Handling Missing Values in Time-series with SQL

by datatabloid_difmmk

read this morning Madison Shotof paper regarding LAST_VALUE Here she highlights the usefulness of this little-known SQL function.

It inspired me to write a follow-up article on a specific use case that comes up often when working with time series data.

Let’s say you’re building a predictive maintenance model using sensor data.

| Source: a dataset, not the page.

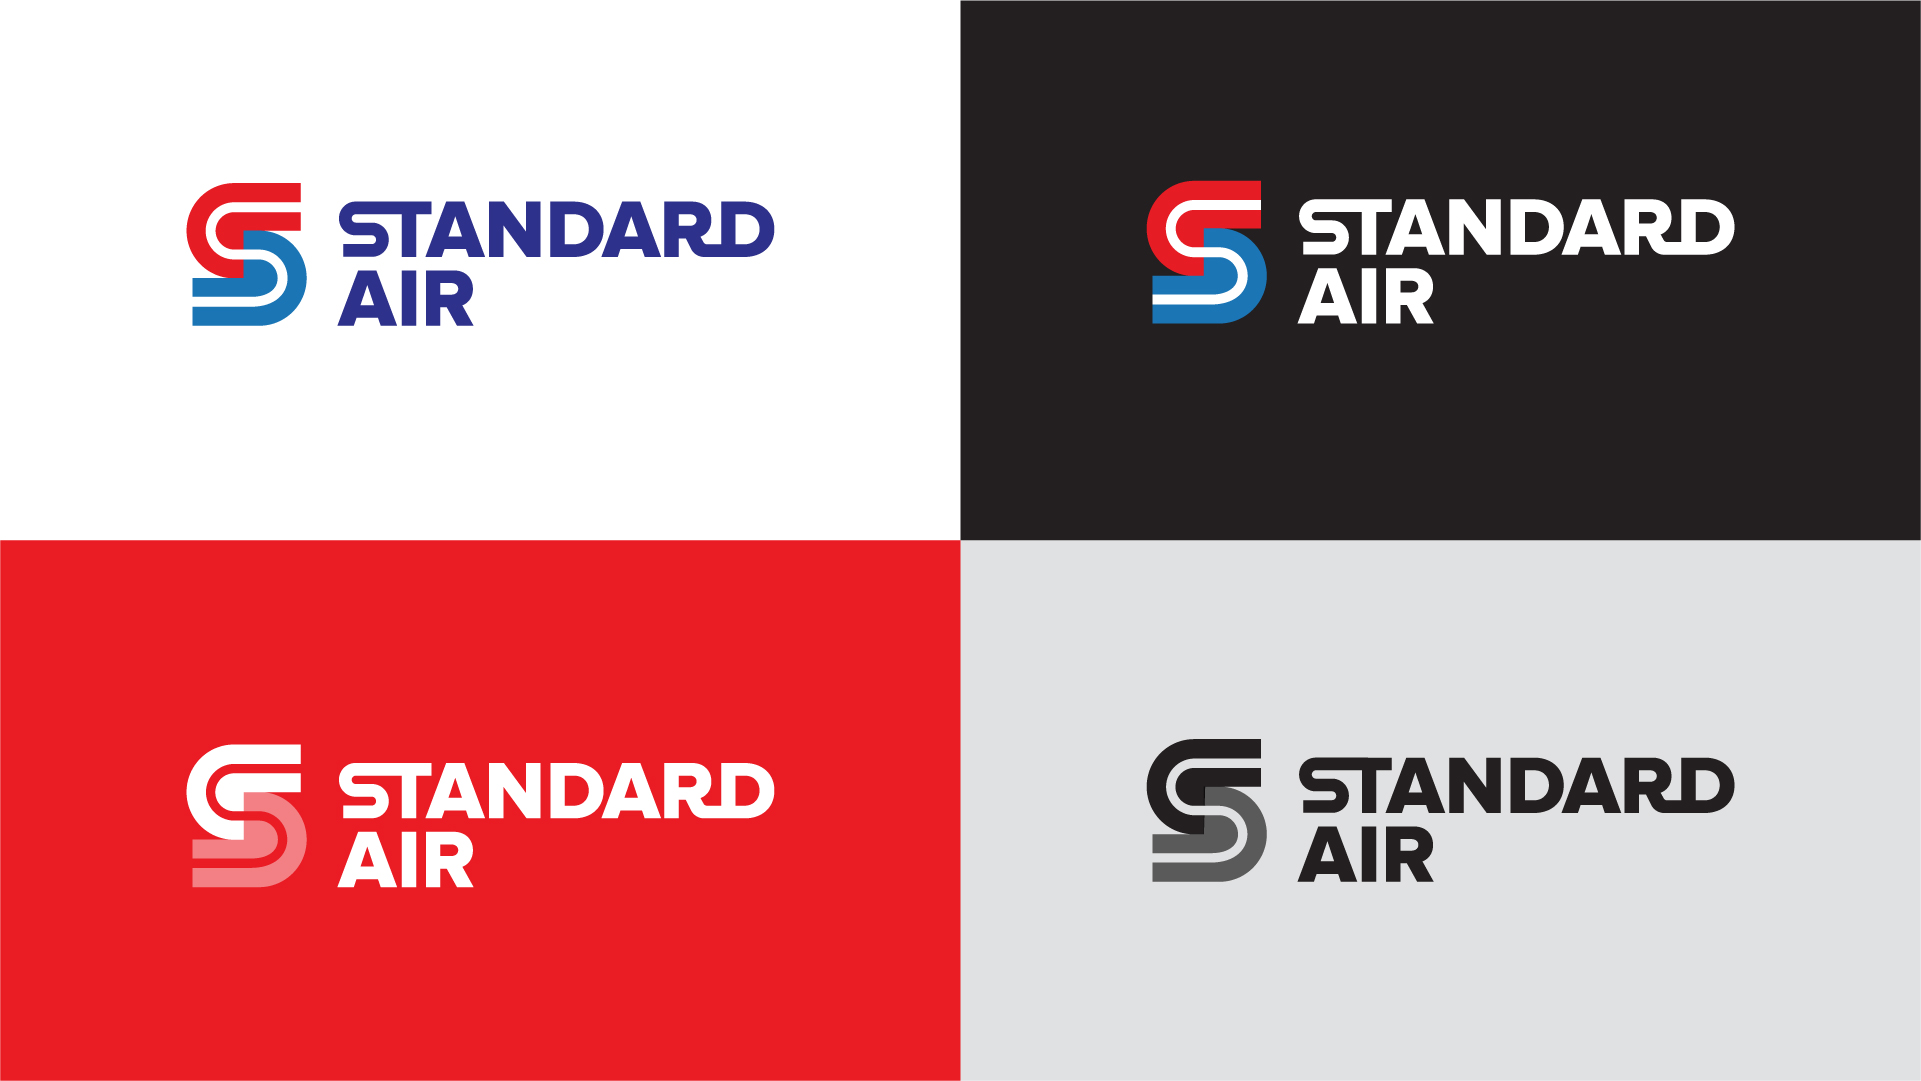 Standard Air logo variations

After some controversy, we get hourly data like this:

Example of preprocessed sensor data

At this point, you’ve already done some pretty significant data engineering to create these evenly spaced observations every hour. How To do this is the subject of another article. Note, however, that there are some gaps in the temperature measurement.Here is LAST_VALUE come to the rescue.

Usually the reason values ​​are missing is because sensors only report changes in value. This reduces the amount of data the machine has to send, but creates data issues that must be resolved.

Using this data directly to build a model will result in a loss of accuracy when certain values ​​are missing. This is because there is no historical context. written in the row itselfTo create the most accurate model possible, we need to add features such as:

  • last temperature reading
  • Average temperature over the last 6 hours
  • Time since temperature reading rises/falls
  • Rate of temperature change over the last 12 hours

Handling Missing Values ​​in Time Series with SQL

An illustration of the types of features that are useful in predictive models

The first step is to replace missing values ​​with the last known value.why we do this first timebecause it makes writing other functions much easier.

For example, if you leave them missing and try to compute a moving average, the average will not be computed correctly (missing values ​​will be ignored and only non-missing values ​​will be averaged).

Average temperature 4 hours ago (with gaps)

(null + 85 + null + null) / 1 = 85

Average temperature 4 hours ago (replaced)

(84 + 85 + 85 + 85) / 4 = 84.75

In Python, start with forward fillHowever, doing this in SQL means that you can leverage the power of your data warehouse.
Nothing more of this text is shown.